## YOUR INSTRUCTIONS
Restate the data below word for word, and let no image into your version.

## GIVEN DATA
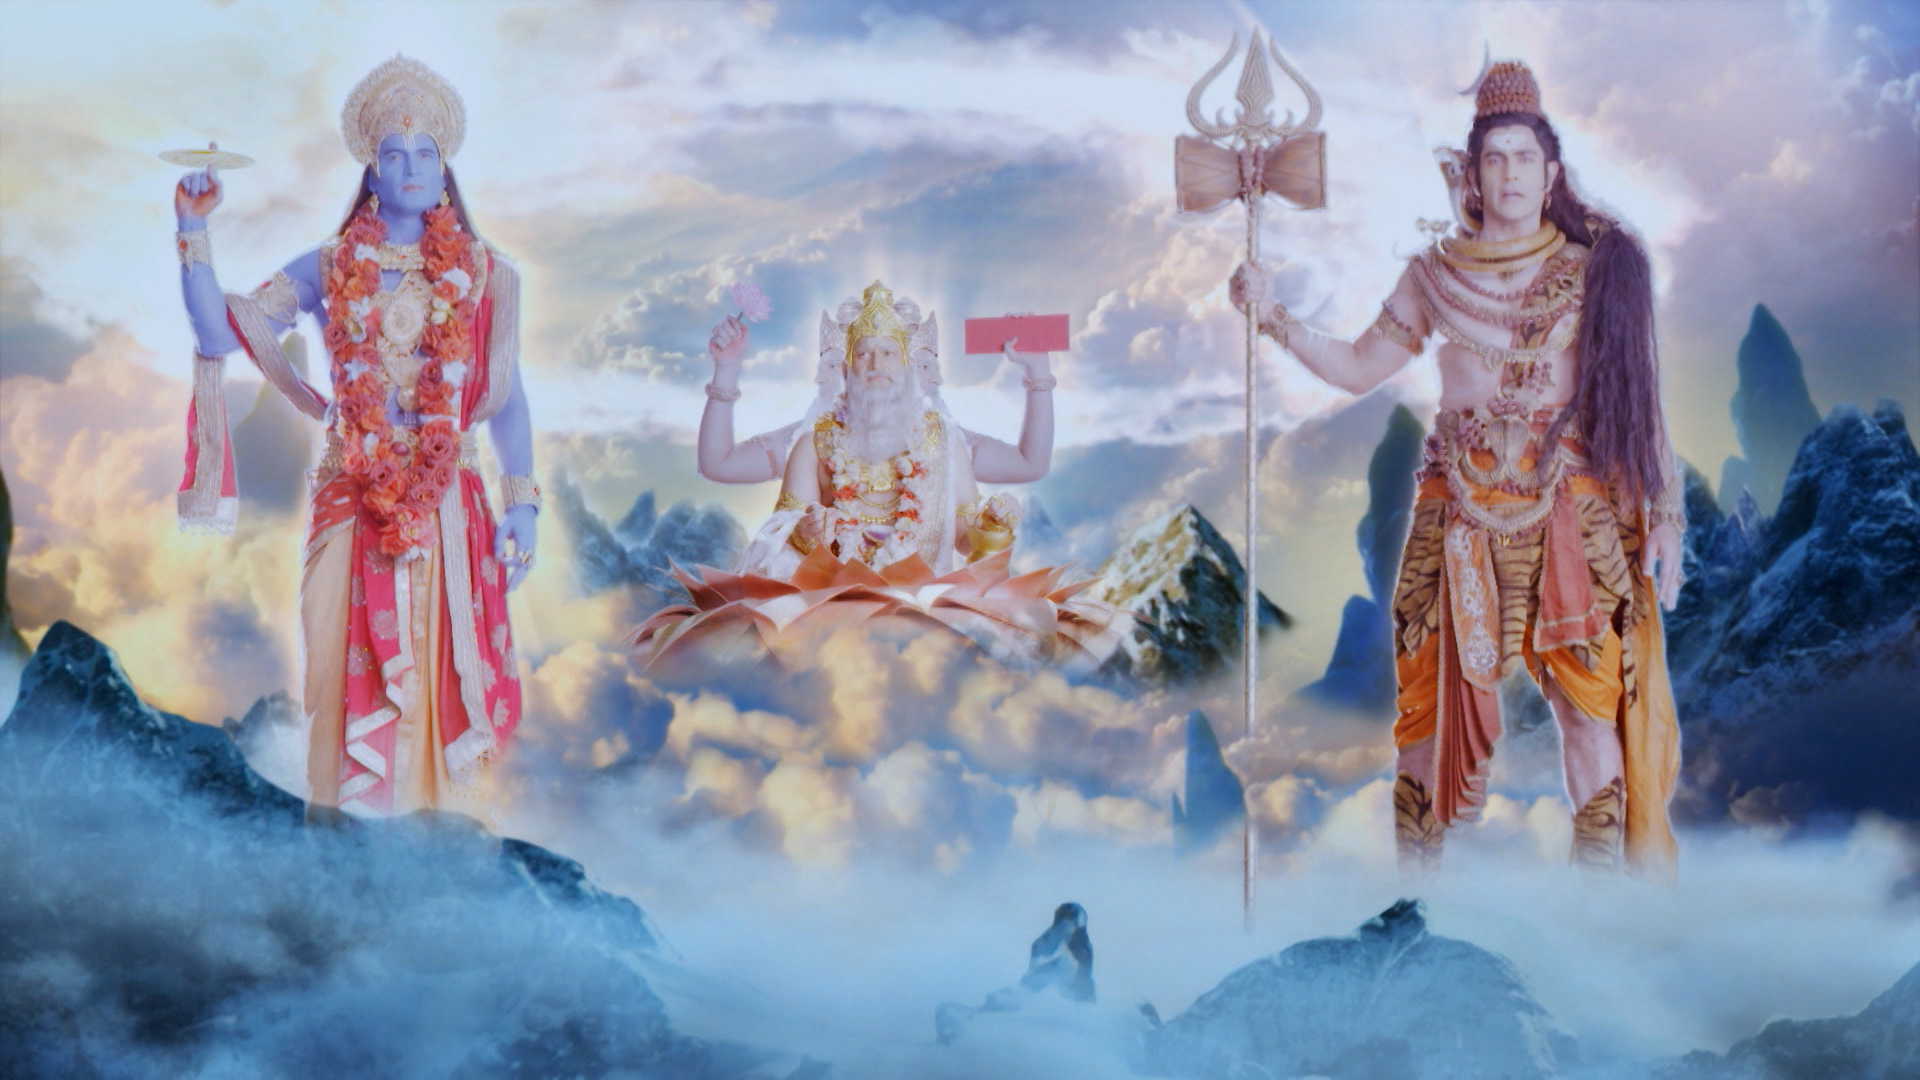 Tổng hợp các bộ phim Ấn Độ được yêu thích với đề tài về các vị thần
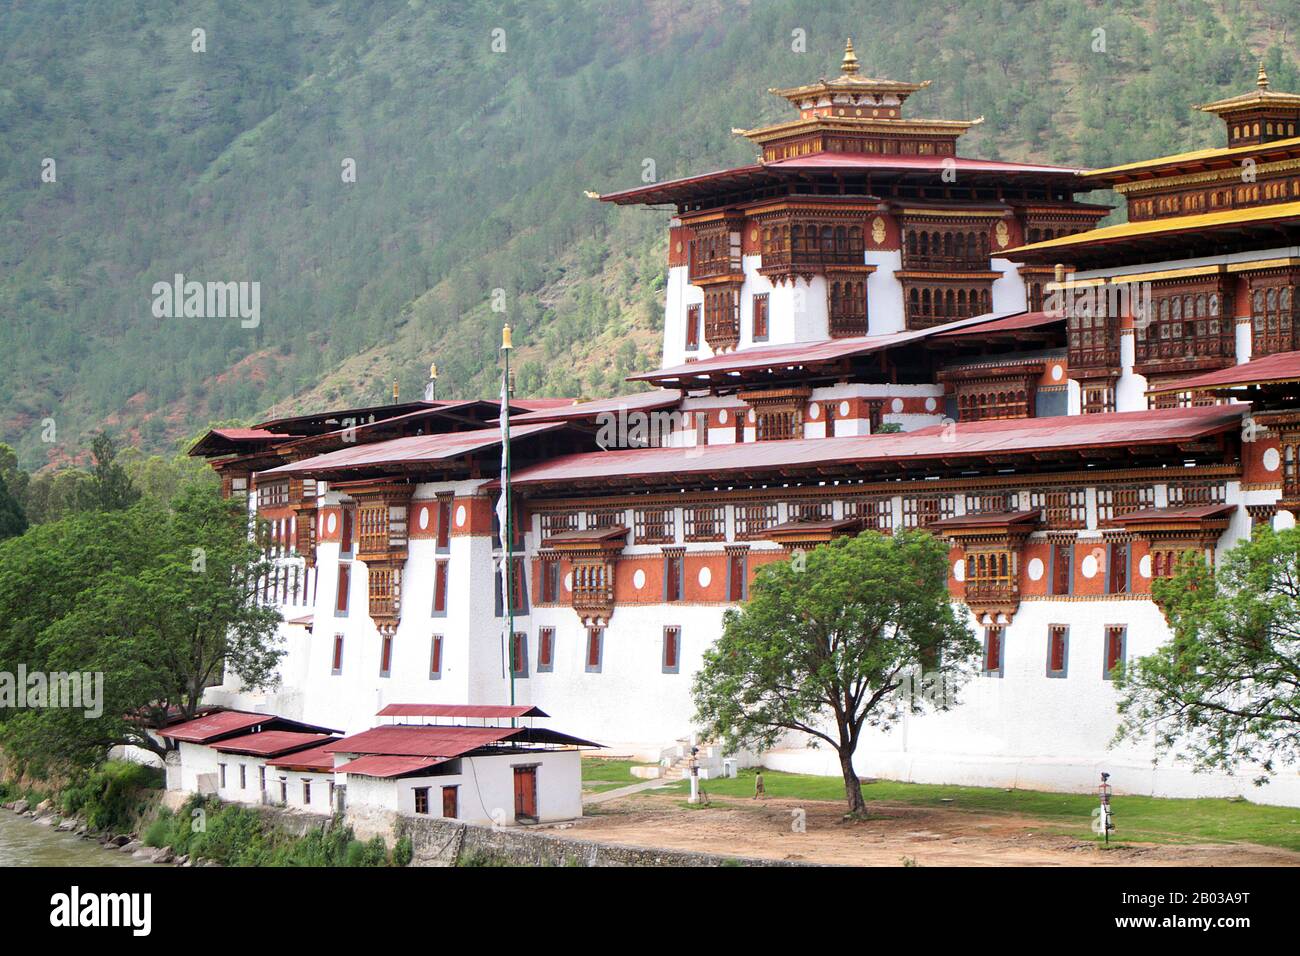 Le Punakha Dzong, également connu sous le nom de Pungtang Dewa chhenbi Phodrang ('le palais du grand bonheur ou du bonheur') a été construit en 1637 - 1638 par le premier Zhabdrung Rinpoché et fondateur de l'État bhoutanais, Ngawang Namgyal (1594 - 1651). C'est le deuxième dzong le plus grand et le deuxième plus ancien (forteresse) au Bhoutan, situé au confluent des rivières Pho Chhu (père) et Mo Chhu (mère) dans la vallée de Punakha-Wangdue. Punakha Dzong est le centre administratif du district de Punakha, et a autrefois servi de centre administratif et de siège du gouvernement du Bhoutan jusqu'en 1855, lorsque la capitale a été transférée à Thi Banque D'Images
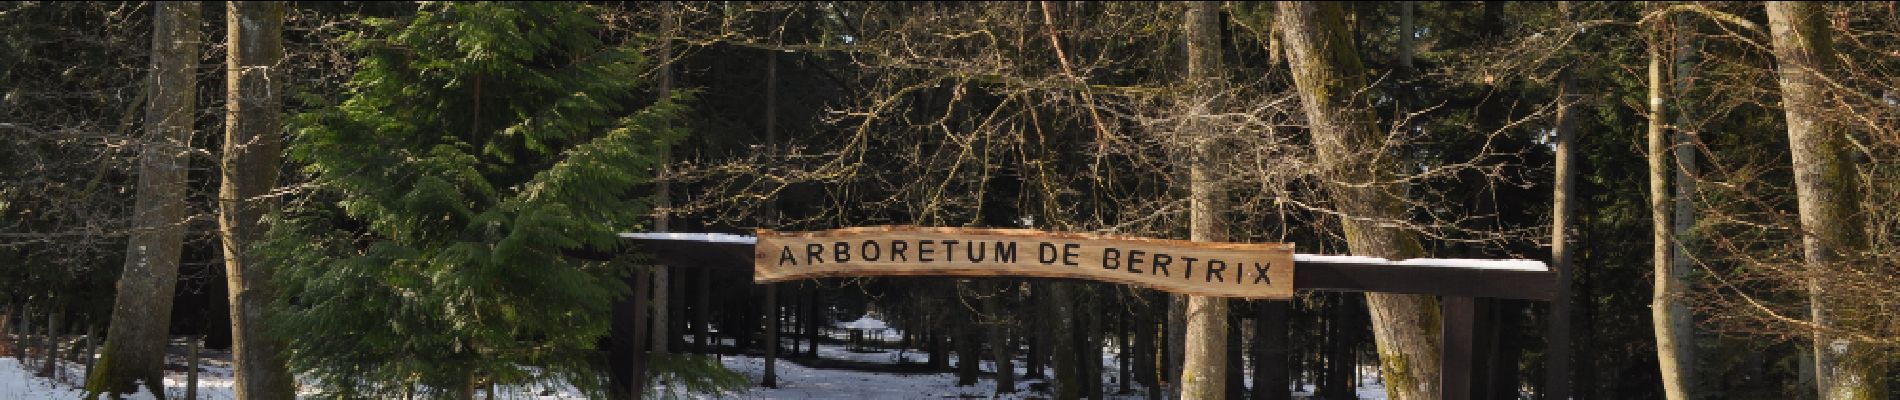 Point of interest Bertrix - Possibilité de visiter un arboretum - Photo

## RESULT
 Tổng hợp các bộ phim Ấn Độ được yêu thích với đề tài về các vị thần
 Le Punakha Dzong, également connu sous le nom de Pungtang Dewa chhenbi Phodrang ('le palais du grand bonheur ou du bonheur') a été construit en 1637 - 1638 par le premier Zhabdrung Rinpoché et fondateur de l'État bhoutanais, Ngawang Namgyal (1594 - 1651). C'est le deuxième dzong le plus grand et le deuxième plus ancien (forteresse) au Bhoutan, situé au confluent des rivières Pho Chhu (père) et Mo Chhu (mère) dans la vallée de Punakha-Wangdue. Punakha Dzong est le centre administratif du district de Punakha, et a autrefois servi de centre administratif et de siège du gouvernement du Bhoutan jusqu'en 1855, lorsque la capitale a été transférée à Thi Banque D'Images
 Point of interest Bertrix - Possibilité de visiter un arboretum - Photo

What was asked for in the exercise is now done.